Oregon Measure 120 Defeated by Large Margin in Statewide Primary

Oregon Measure 120 Defeated by Large Margin in Statewide Primary
  • calendar_today May 20, 2026
  • News

Oregon voters delivered a decisive verdict on Oregon Measure 120 in the recent May 19 primary, firmly rejecting the proposed transportation tax aimed at shoring up the state’s infrastructure budget. This move carries broad implications for communities across Oregon, especially in coastal areas where high gas prices and tourism are critical economic factors.

Widespread Opposition to Transportation Tax

Early returns from the May 19 primary indicated that over 83 percent of voters disapproved of Oregon Measure 120, leading to its swift defeat. The initiative sought to introduce a sweeping transportation tax reform package, which included doubling vehicle registration fees, raising title fees, and adding six cents to the existing gas tax. The proposal emerged as a response to the growing odot budget shortfall faced by the Oregon Department of Transportation (ODOT), which estimates put near $300 million.

Details of the Proposed Gas Tax Increase

The gas tax increase was central to the measure’s intent to steady transportation funding in Oregon. Supporters, including Governor Tina Kotek and members of the Oregon Legislature, argued the additional revenue was necessary to maintain critical roadway maintenance and public transportation services statewide. The transportation tax also covered updated vehicle registration fees and title costs, impacting both everyday commuters and commercial operators.

Political Maneuvering and Referendum Push

Despite backing from Democratic leadership, the proposal faced strong republican opposition. GOP lawmakers balked at passing the tax increase administratively and instead championed a tax referendum, sending the measure directly to voters. Many observers saw this move as a calculated effort to test public sentiment on taxation, particularly given ongoing debates about governmental budgeting priorities and accountability.

Immediate Funding Relief for ODOT

In the interim between legislative debates and the May 19 primary, the Oregon Legislature approved a $218 million allocation to ODOT. This financial infusion ensured that essential services would not be interrupted while the future of the transportation tax remained uncertain. The allocation, however, does not fully address the ongoing odot budget shortfall projected for future fiscal years, leaving questions about sustainable transportation funding in Oregon.
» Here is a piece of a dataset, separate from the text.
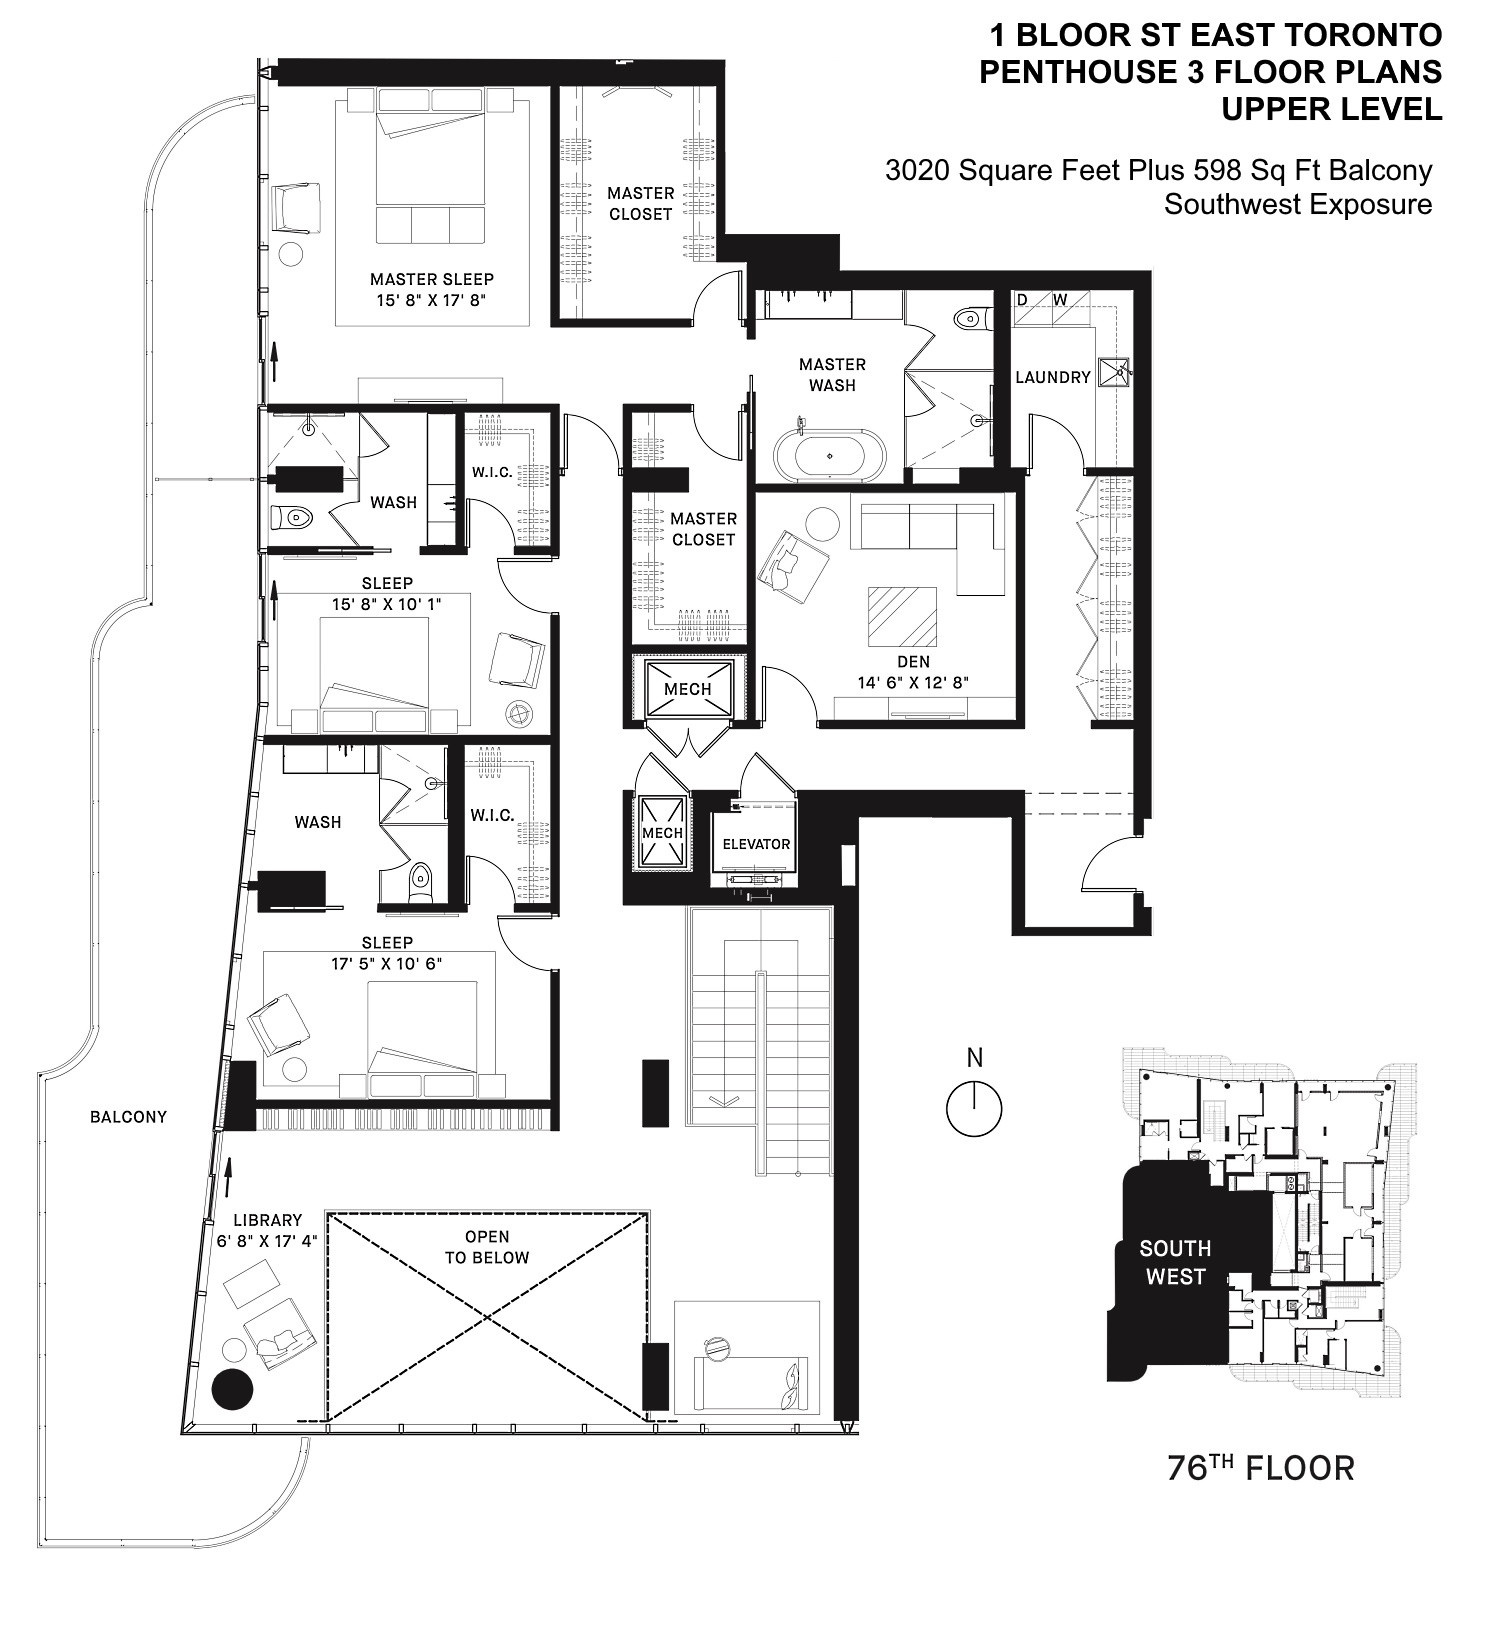 One Bloor St East Toronto Penthouse Floor Plans 3 Bedroom

Impacts on Coastal Communities and Tourism

The defeat of Oregon Measure 120 is especially resonant for coastal Oregon. Communities in these regions already contend with coastal Oregon gas prices that exceed state averages, impacting both locals and the vital tourism sector. Hospitality businesses and resident advocates argued that higher taxes would dissuade summer visitors and add further strain to household budgets.

Broader Implications for Transportation Funding

The overwhelming outcome of the tax referendum underscores Oregon voters’ reluctance to endorse new tax burdens even in the context of recognized funding shortfalls. With Oregon Measure 120 now defeated, policymakers face renewed pressure to identify alternative solutions for bridging transportation funding gaps, balancing budget discipline against the enduring need for investments in roads and mobility services.

Looking Ahead for Oregon’s Infrastructure

While the measure’s defeat provides short-term relief for taxpayers wary of additional costs, the core issues underlying the odot budget shortfall remain unresolved. Regional authorities will continue to explore new policy avenues, with the Oregon Legislature expected to revisit the topic in upcoming sessions. As the conversation continues, stakeholders from across Oregon—especially those in rural and coastal communities—will watch closely for proposals that ensure a sustainable, fair, and resilient transportation system.